その罵声に今まで沈んでいた怒りが一気に駆け上がってきた。
「……せよ」
「はぁ?聞こえねー」
「弁償して返せよ!!」
この本は俺の大好きなパティシエの初めての本で……今日、ようやくこの手にできる日を予約開始日から待ち望んで……
「この状況でよくそんな口が叩けるなぁ!クソガキが!」
悔しくて涙が出そうになる目の前に、ヤンキーが拳をふりかぶるのが見えた。
もう、どうとでもなれ!
目をつぶり避けられない衝撃に覚悟を決めていた……のに。
「あ、れ?」
そっと瞼をあげてみると、俺の目の前には大きな手のひらがありヤンキーの拳を受け止めていた。
「てめぇ……よけいなことしてんじゃねーぞ!」
「だってこんな一方的な暴力、見過ごせないでしょ?普通はさー」
目の前の手のひらがヤンキーの拳を握り込んでいる。
ミシミシと痛々しい音がなり、ヤンキーの表情が苦痛に歪んだ。
「このまま引くならこれ以上何もしないであげるよ?」
笑顔でいっそに握り込んだ拳に力を込めるとゴキィ、と鈍い音がした。
こ、怖い……
「わかった!わかった!」
「分かればよろしい……さっさと去れよ、屑が」
さっきまでのにこやかな顔が一瞬で変わる。
その冷たい表情にヤンキーは捨て台詞もなく慌てて姿を消した。
「はーっ…やれやれっと、君大丈夫?」
「は…い、あ、ありがとうございます!」
足元で無残にボロボロになった本を拾い上げて僕の方に渡してきた。
「ボロボロになっちゃったね」
間に合わなくてごめんね?と頭をぽん、と叩かれた。
目の前に戻ってきた本の惨状にさっきまでの恐怖とこの本を守れなかった悔しさに自分でも驚くほど視界が滲んでいく。

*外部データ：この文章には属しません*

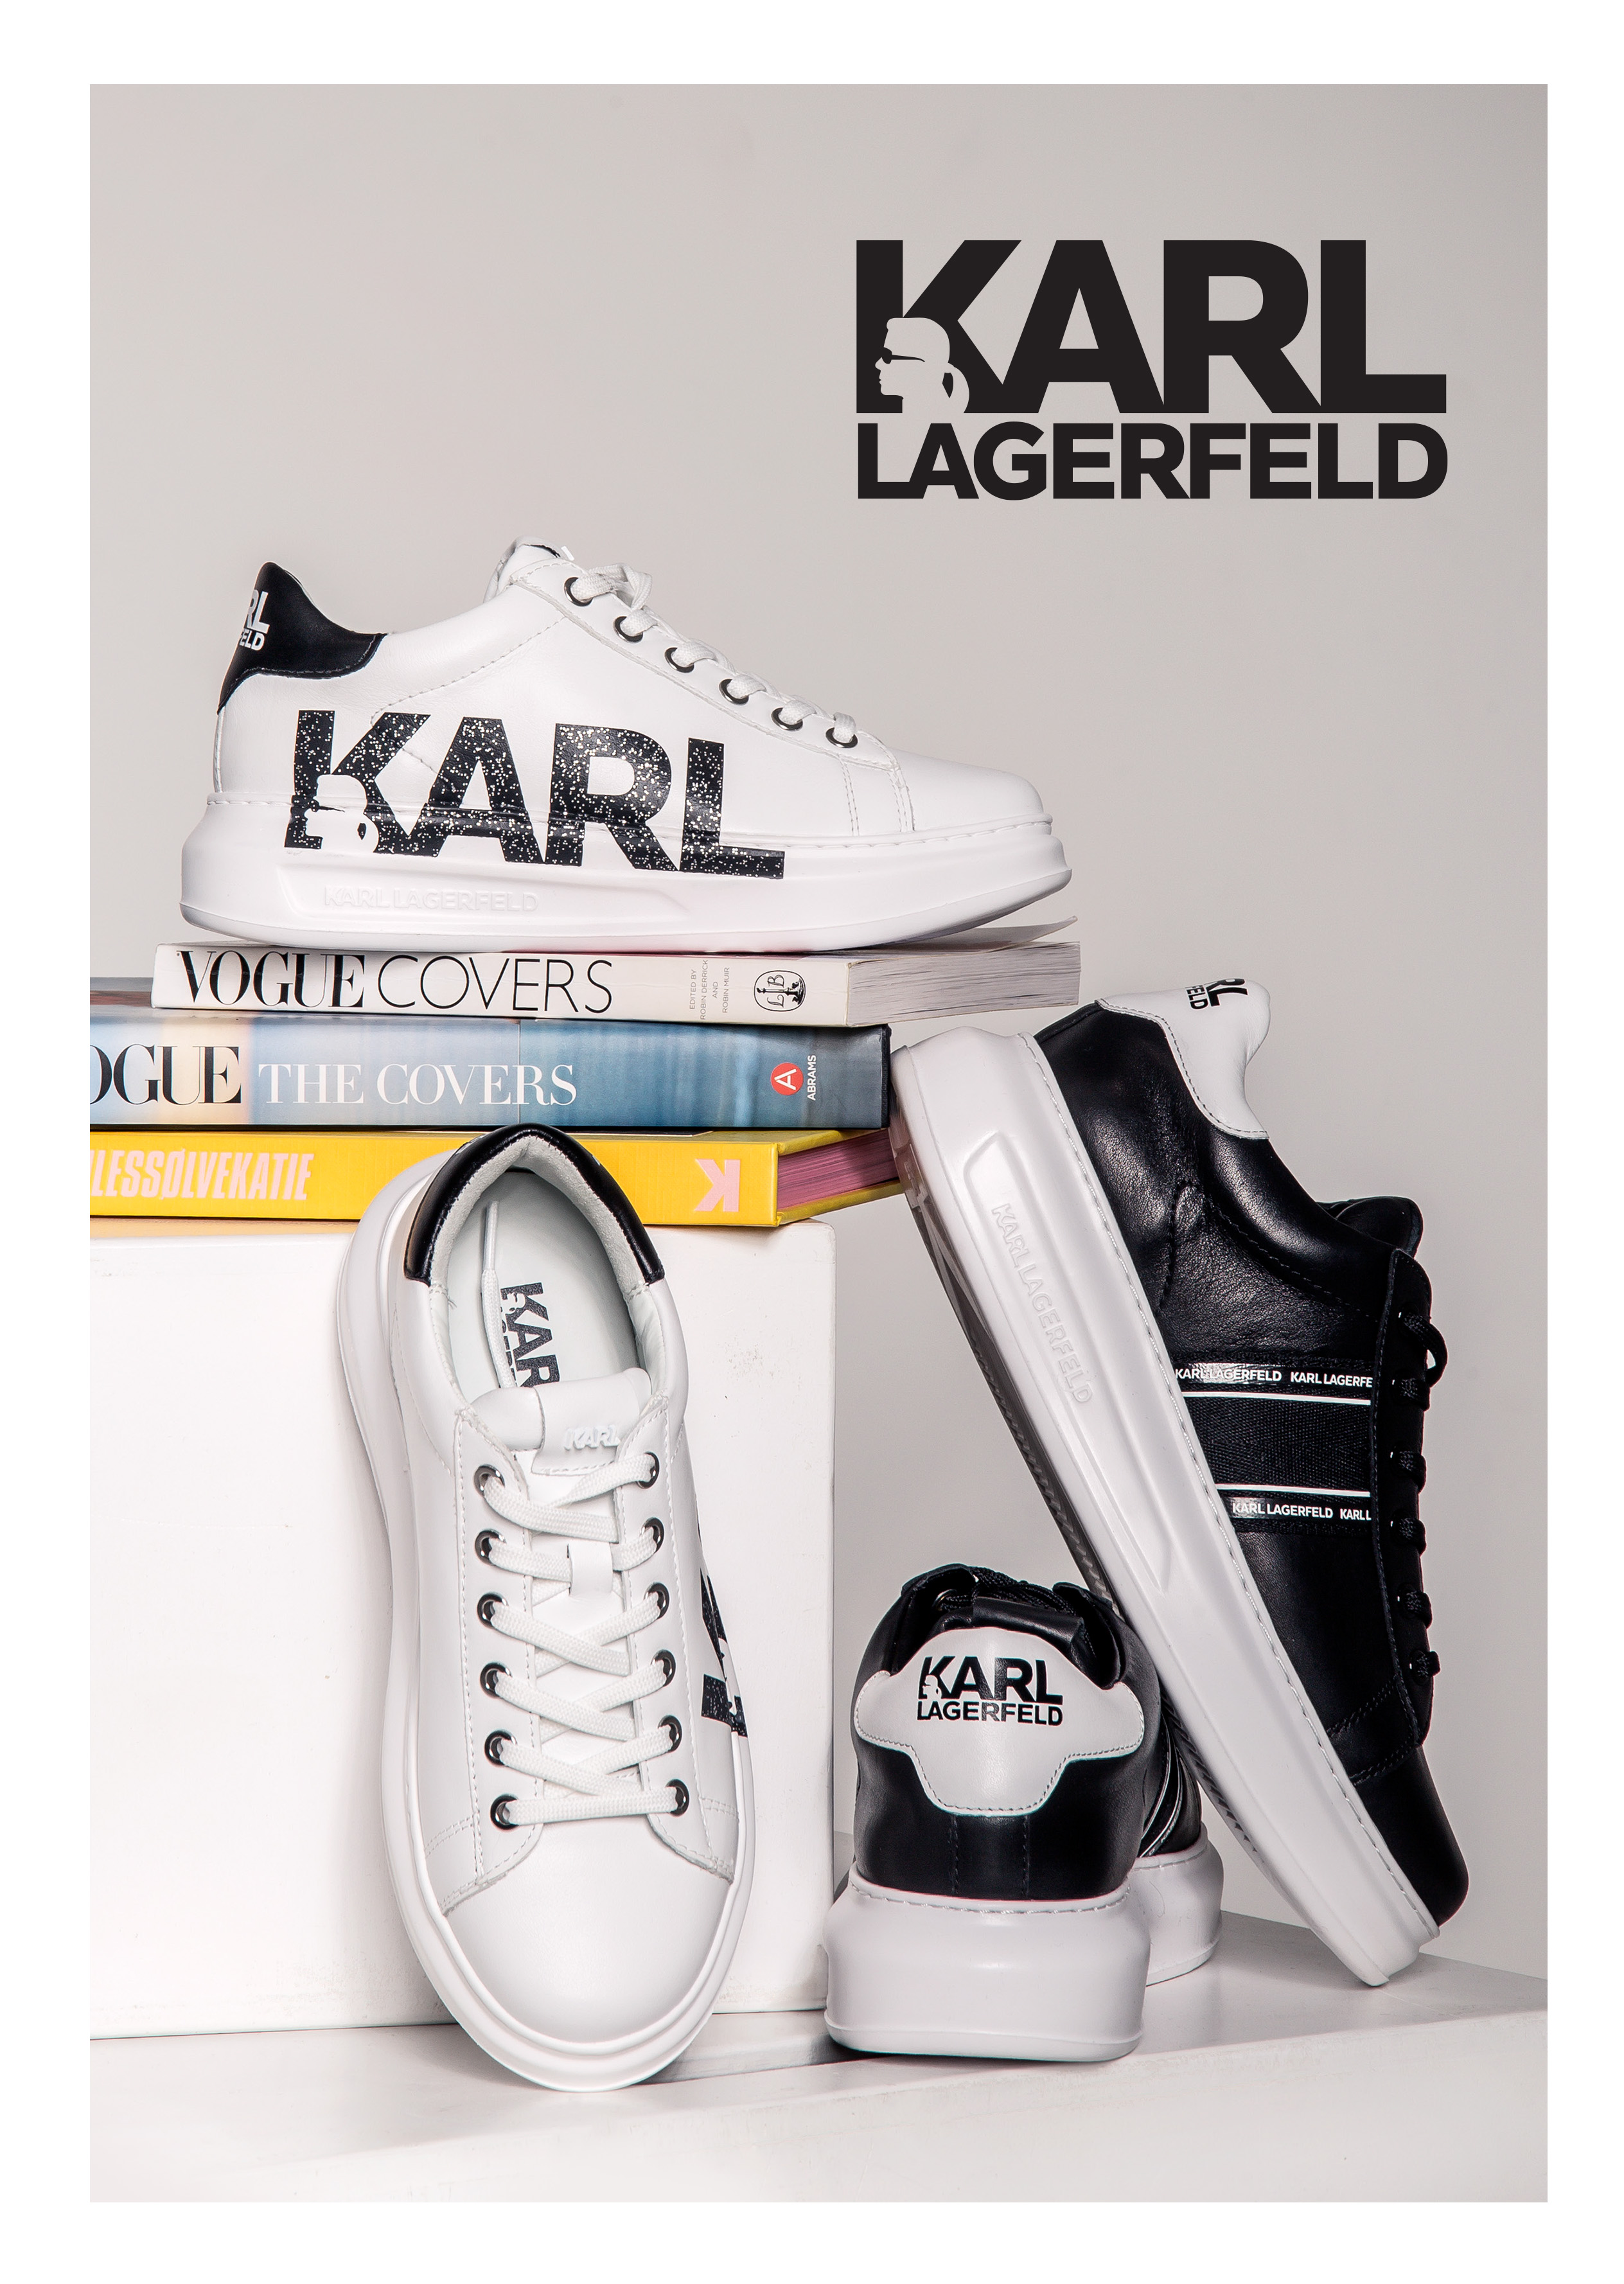 karl lagerfeld office shoes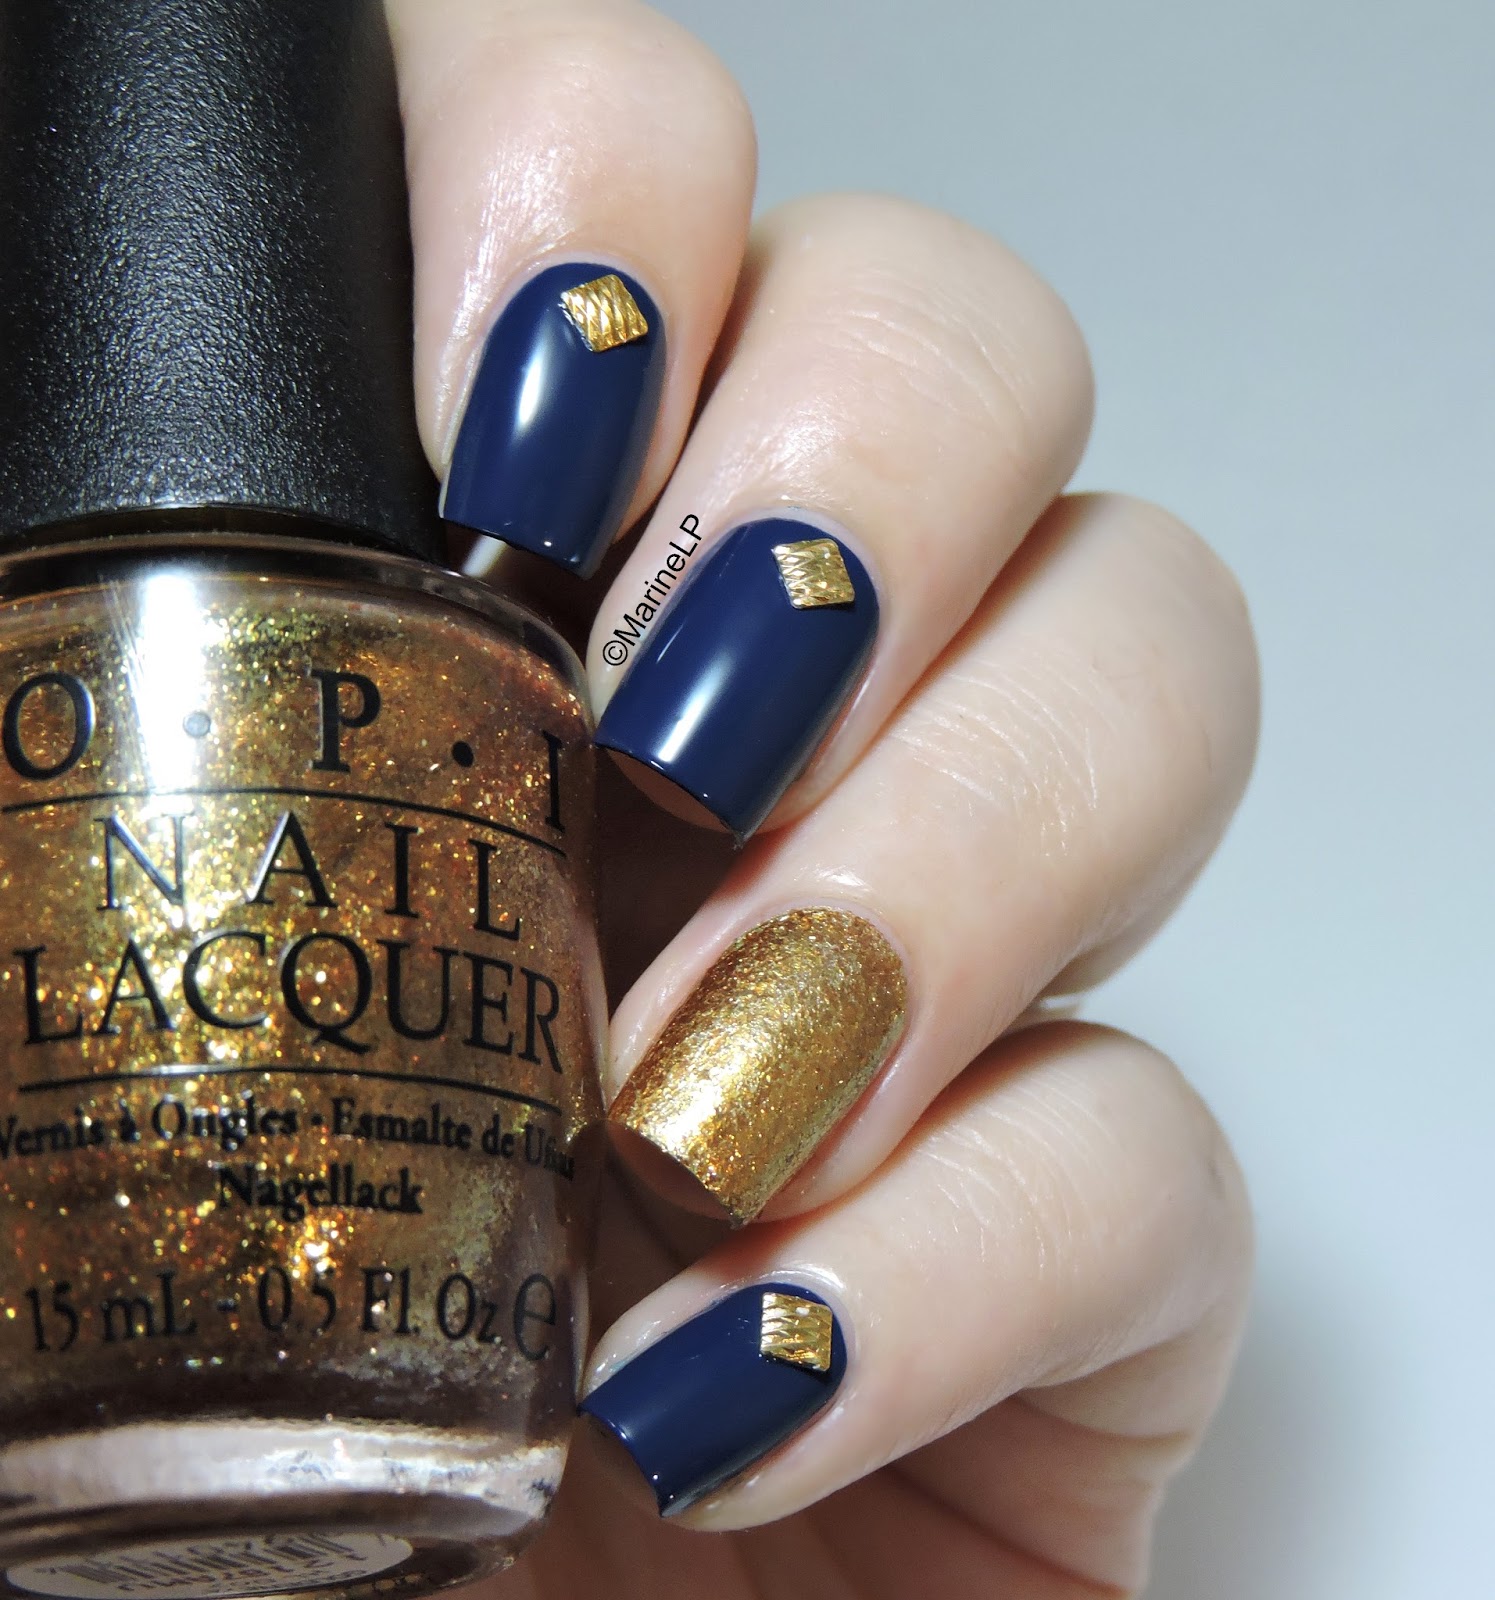 Blue and gold studded mani.

「よしよしーその本は君にとってとても大事なものだったんだね……」
また頭をポンポンと軽く叩かれて、俺の涙腺は完全に崩壊した。
「くっ…うぅ……」
「わっ、ちょ、ま!今ここで 泣かれたらまるで俺が泣かせたみたいじゃないーーーちょっとこっち来て!
そうやって女々しく涙を流している間に、いつの間にかカフェのような場所に連れてこられて今に至る……
「あんな事があったばっかりだから全てが疑わしく見えるんだろうけど、完全に単なる慈善だよ?」
だから遠慮なく食べてよ、せっかく作ったのに冷めちゃったらこのホットケーキ可哀想でしょ?と言われ、恐る恐る口に運ぶ。
「……おいしい」
本当に美味しい!
ホットケーキがこんなに美味しいなんて……
「ふふっ美味しいなら良かったよ」
なんたって俺が作ったんだからね☆とウインクを投げてくる男に、張り詰めてた緊張は一気に溶けて思わず吹き出してしまった。
「ふふ、あははっ!」
「そうそうー美味しいものはやっぱり笑顔で食べなきゃね」
ひとしきり笑って落ち着けば、さっきのお礼を改めて口にすると「ただのおせっかいだから気にしなくていいの!ああいうやつが嫌いなだけだから」と笑ってまた頭をなでられた。
「でも……なにかお礼をしたいんですが」
お金とかはあまりないけど、あのまま助けてもらえなかったら俺は今頃何ヶ月病院のベッドの上だったのかわからないから……
「えー?そう言われてもなぁお礼が欲しくて助けたわけじゃないし」
俺の言葉に「うーん」としばらく悩んだあと小さく「あっ」と呟いて満面の笑みをこっちに向けーーー
「このカフェでバイトしてくんない?
と名案と言わんばかりに楽しそうに言った。